The results are a little inconsistent here. The difference between 2-char integers (which I think should be the worst-case regression) shows >10% improvement (surprising), and the 3-char integer show ~10% regression. On average though, there appears to be a very slight regression, maybe only a couple percent. I'm not sure if it is possible to get more stable/consistent results with BenchmarkDotNet (I'm a bit new to it) and this is using the default configurations.

So, is that very slight regression worth the significant improvement in single character parsing? Obviously, it depends on the dataset/use-case whether this would be a net win. The breakeven point is mostly dictated by the regression, so a 1% regression means the breakeven is when ~1% of the values are single digit. Do enough real-world data sets meet this criteria? "0" certainly comes up a lot. For integers in an ordered list, the first 9 elements would be single digit, and only after 900 elements would the breakeven point be reached. How often does that happens in reality, I have no idea. For double and decimal values, it is probably less likely provide a gain.

In the benchmark dataset for the csFastFloat the mesh.txt contains 5% single-character values. Actually, 10% of the values would be single-digit if formatted differentl; there are a lot of "0.0" and "1.0" values.
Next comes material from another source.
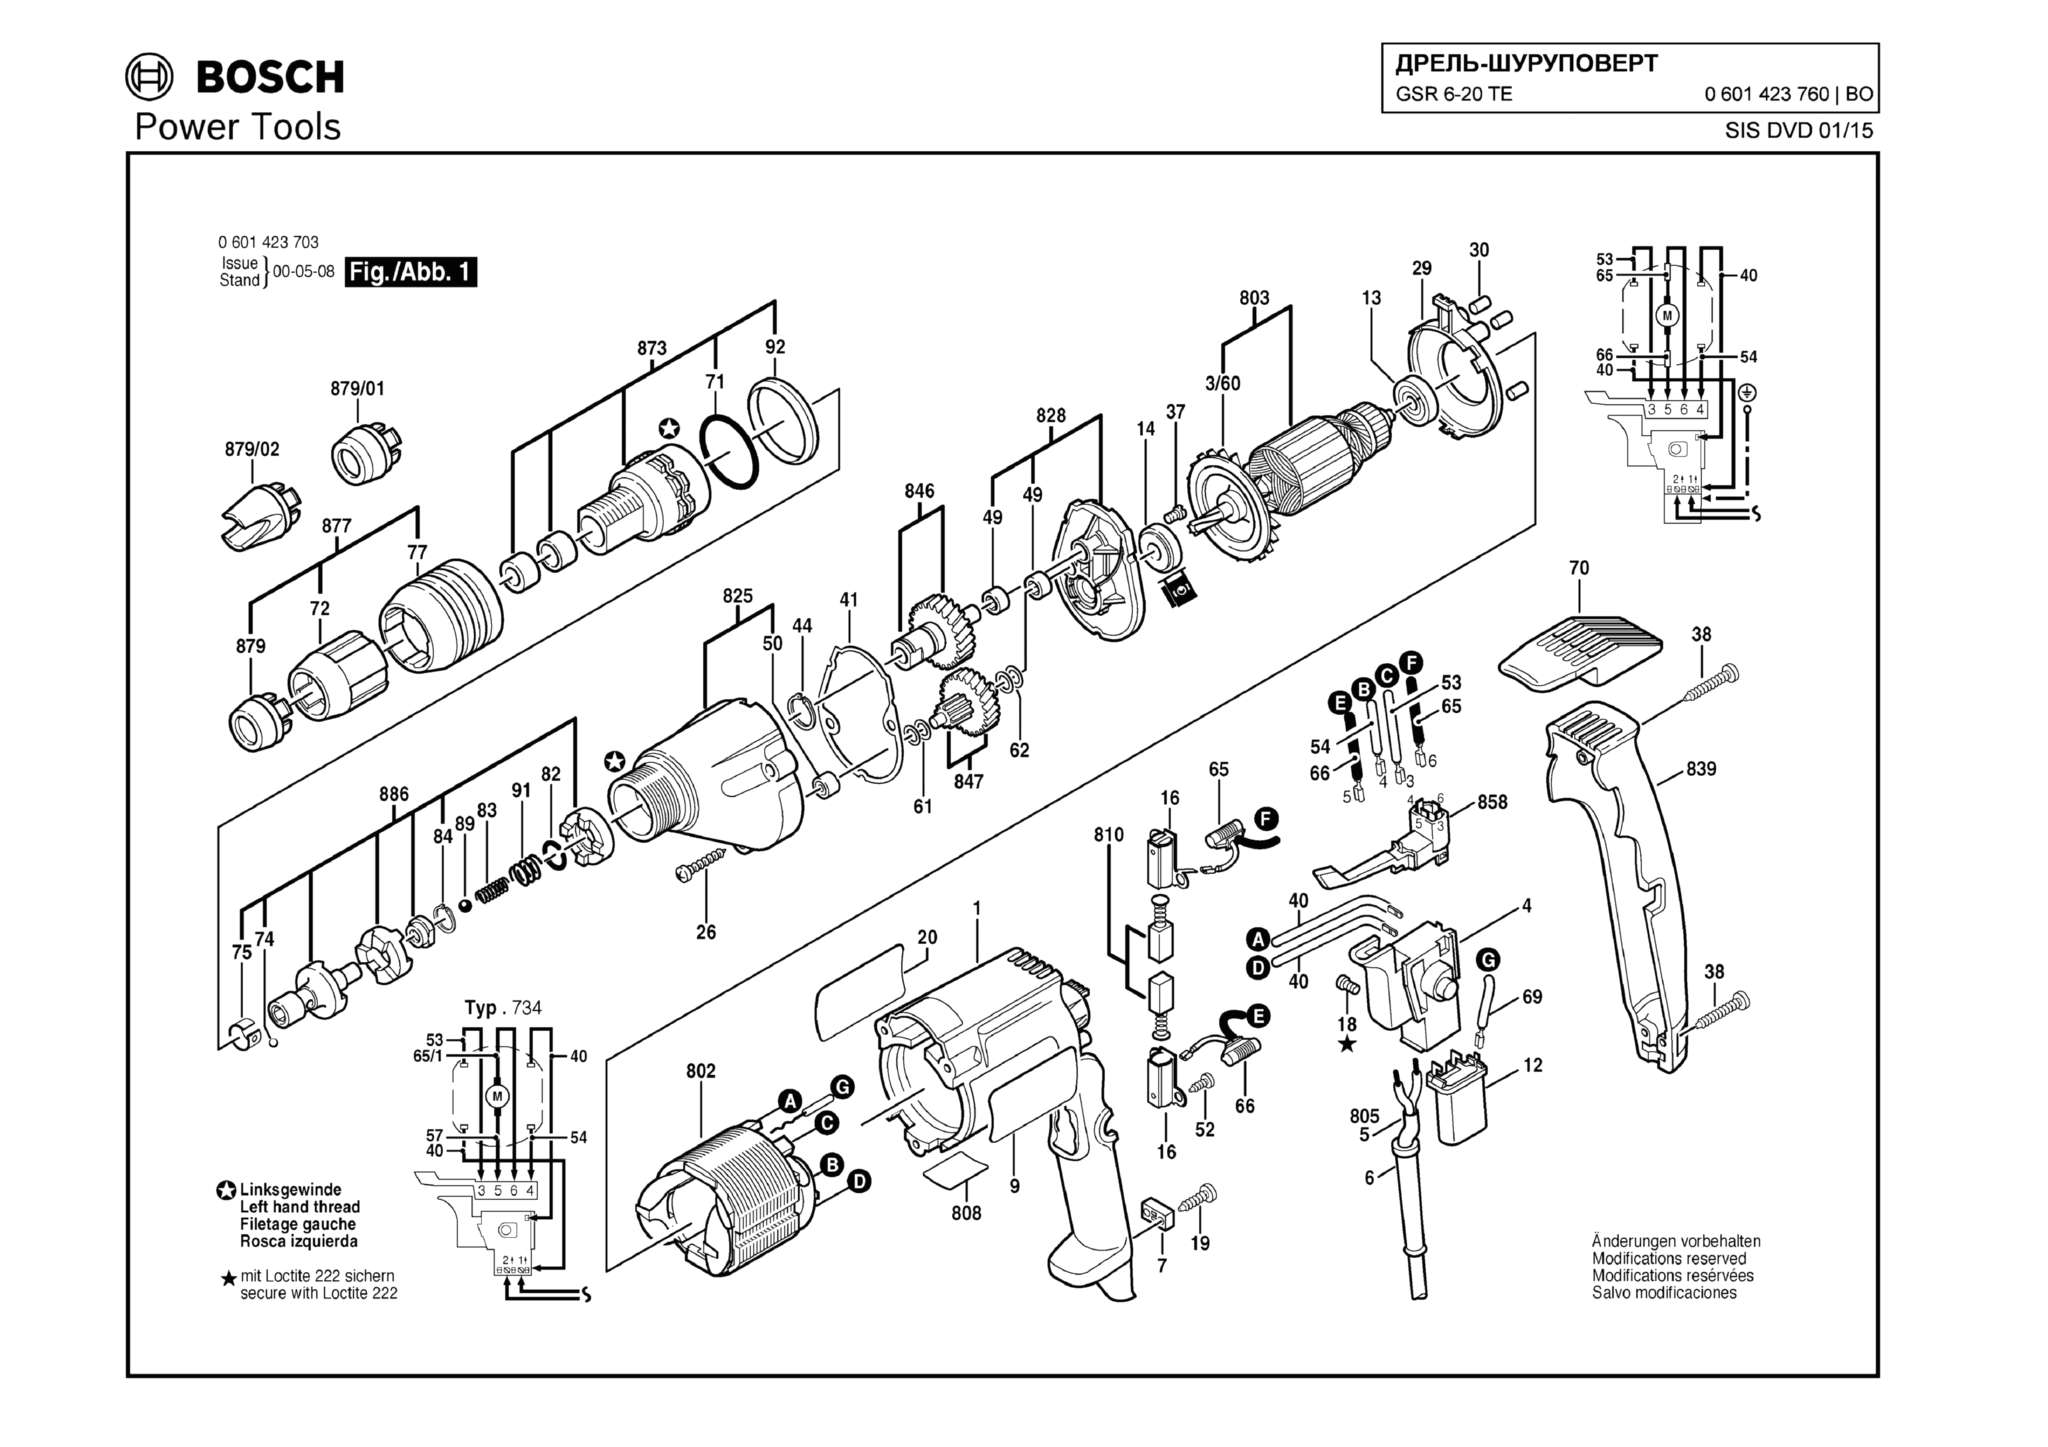 Запчасти, схема и деталировка Bosch GSR 6-20 TE (ТИП 0601423760)

The canada.txt, on the other hand, has no single-digit values.

Of course, the real benefit would be in data sets that contain a significant number of single-digit values; I just don't know if this is common enough to merit baking this into the BCL. For my specific scenario where I had a majority of '0' values, it was a win.
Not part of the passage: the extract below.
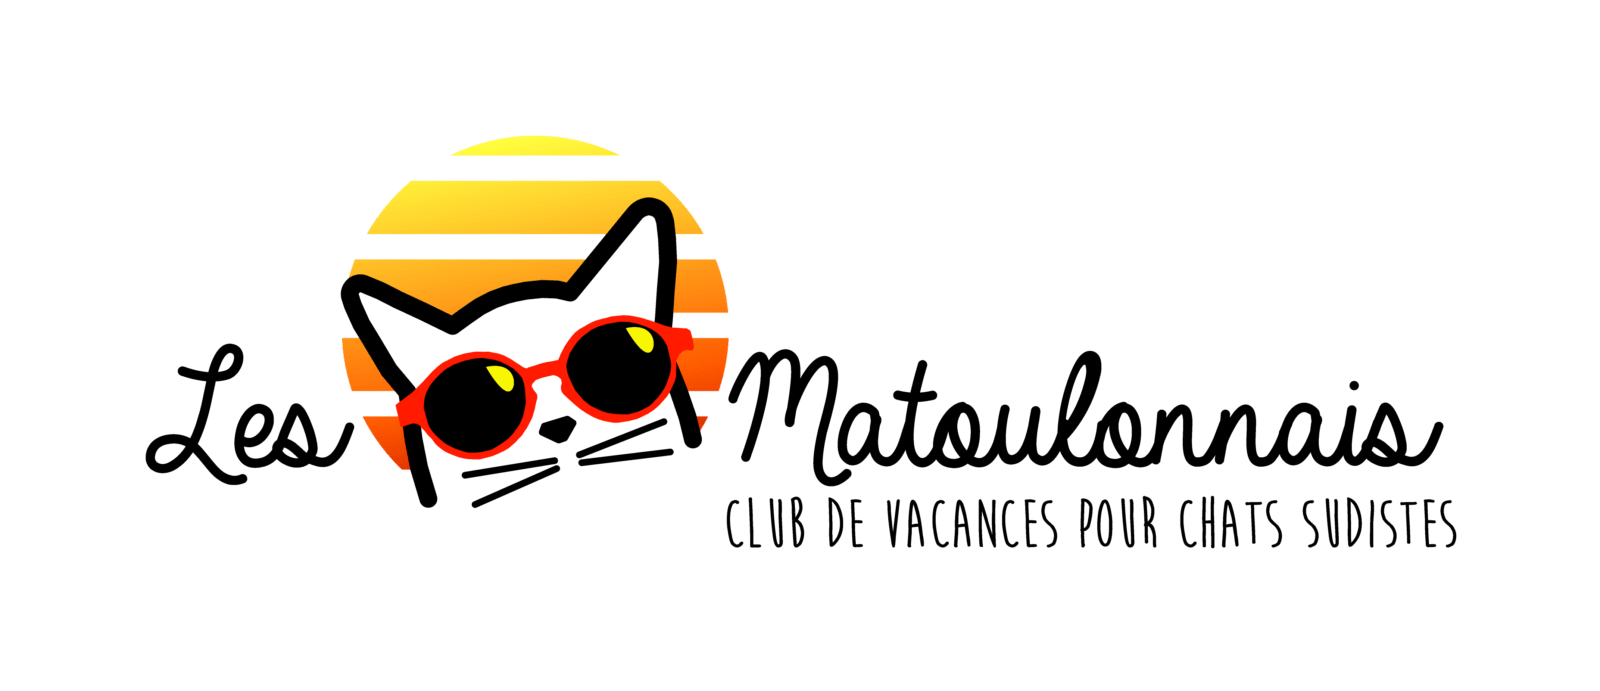 Les Matoulonnais

One specific use-case where single digits are very common is in System.Version parsing, which currently uses int.Parse to convert the version components into integer values. Perhaps, at the very least, it would be worth considering applying this optimization there?

[MarkPflug]

Looking closer at optimizing Version.Parse, I slapped together this implementation that avoids int.parse:

static Version Parse(string str)
{
    return TryParse(str, out var v) ? v : throw new FormatException();
}

static bool TryParse(string str, out Version ver)
{
    ver = default;
    Span<int> components = stackalloc int[4];
    int count = 0;
    uint v = 0;
    var l = -1;
    var i = 0;
    for (; i < str.Length; i++)
    {
        var c = str[i];
        var d = (uint)(c - '0');
        if (d <= 9)
        {
            v = v * 10 + d;
            continue;
        }
        if (c == '.')
        {
            if (i - l == 1 || v > short.MaxValue)
                return false;
            components[count] = (int)v;
            v = 0;
            count++;
            l = i;
            if(count >= 4)
                return false;
            continue;
        }
        return false;
    }
    if(l == i)
        return false;
    components[count] = (int)v;
    count++;
    switch (count)
    {
        default:
            return false;
        case 2:
            ver = new Version(components[0], components[1]);
            break;
        case 3:
            ver = new Version(components[0], components[1], components[2]);
            break;
        case 4:
            ver = new Version(components[0], components[1], components[2], components[3]);
            break;
    }
    return true;
}

Which benchmarks between 4-5x faster than the BCL implementation.

Method	s	Mean	Error	StdDev
VersionBCL	1.2	42.70 ns	0.306 ns	0.286 ns
VersionOpt	1.2	10.81 ns	0.269 ns	0.276 ns
VersionBCL	1.2.3	60.22 ns	0.201 ns	0.179 ns
VersionOpt	1.2.3	13.24 ns	0.258 ns	0.241 ns
VersionBCL	1.2.3.4	77.33 ns	0.528 ns	0.468 ns
VersionOpt	1.2.3.4	15.15 ns	0.227 ns	0.190 ns

There are probably edge cases I didn't consider that might slow it down though.